Она поперхнулась – деньги у Киры, конечно, были, соколовские, что казалось ей особенно ироничным, – но жадность Людовика просто поражала.
«Так вот на что ты тут пьешь и йорков покупаешь!» – подумала Кира, вкладывая в его руку токен.
Людовик довольно крякнул и спрятал токен в карман.
– Я Баташевой по хозяйству иногда помогаю. Ну, там, полку повесить или стиральную машину починить. Я ее предупрежу, что ты придешь. Замолвлю словечко. Но дальше ты уж сама, идет?
Кира стояла напротив нужной ей квартиры, не решаясь позвонить – понимала, что шанс будет только один. Людовик уже должен был предупредить Баташеву, но Мечникова медлила, осматривала стены бледно-зеленого цвета, окна, засиженные мухами, с разводами от тряпки и белесым налетом пыли в углах.
По всему выходило, что семнадцатилетнего Соколова даже не было здесь, когда отец застрелился. Но что-то все-таки не давало Кире покоя, какая-то деталь, которую она, кажется, упускала, – ведь не может же быть, чтобы черный протуберанец из сна появился просто так.
«Или тебе просто очень хочется найти, в чем его обвинить».

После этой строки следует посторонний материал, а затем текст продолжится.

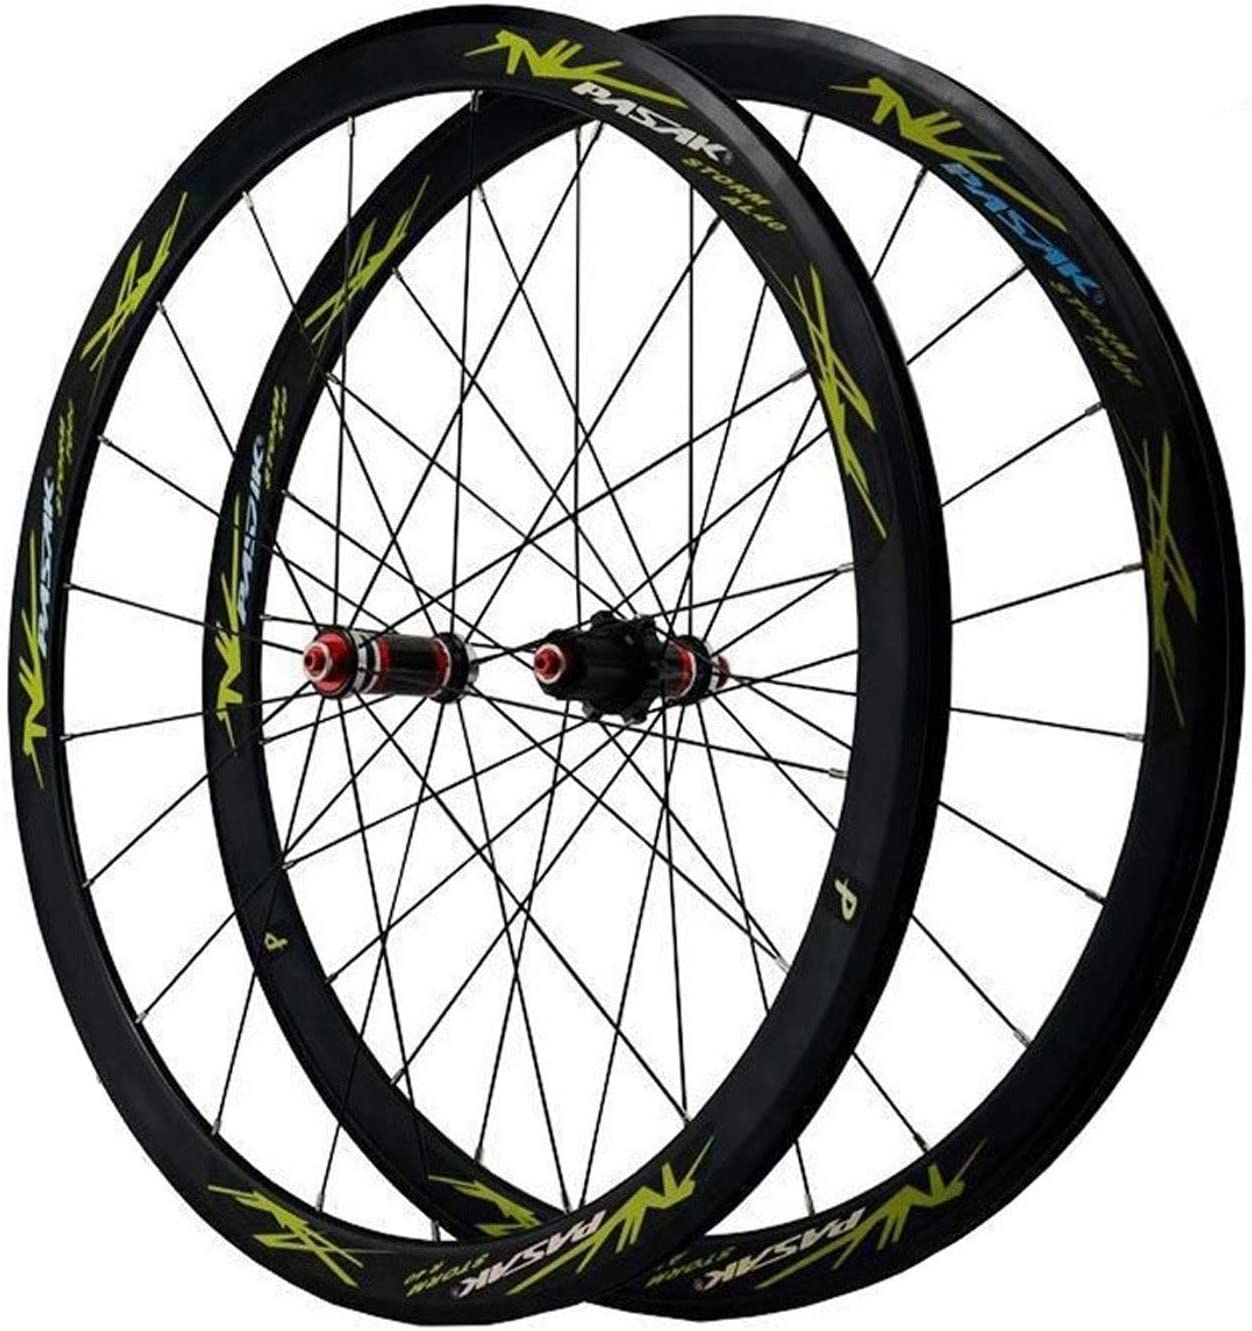 Road Mesa Mall Bike Wheelset 700C V-Brake Racing 40MM Fibe Bicycle Carbon Bargain

Кира с досадой сунула диктофон в карман.
Кнопка дверного звонка оказалась тугой и долго не поддавалась. Звука не было.
Нажала поэнергичнее. Ничего не изменилось.
– Та-а-ак… – протянула Кира.
«Уходи отсюда, она все равно ничего не видела, такие только короткие юбки девок обсуждают, сидя на лавочке».
Мечникова осторожно постучала.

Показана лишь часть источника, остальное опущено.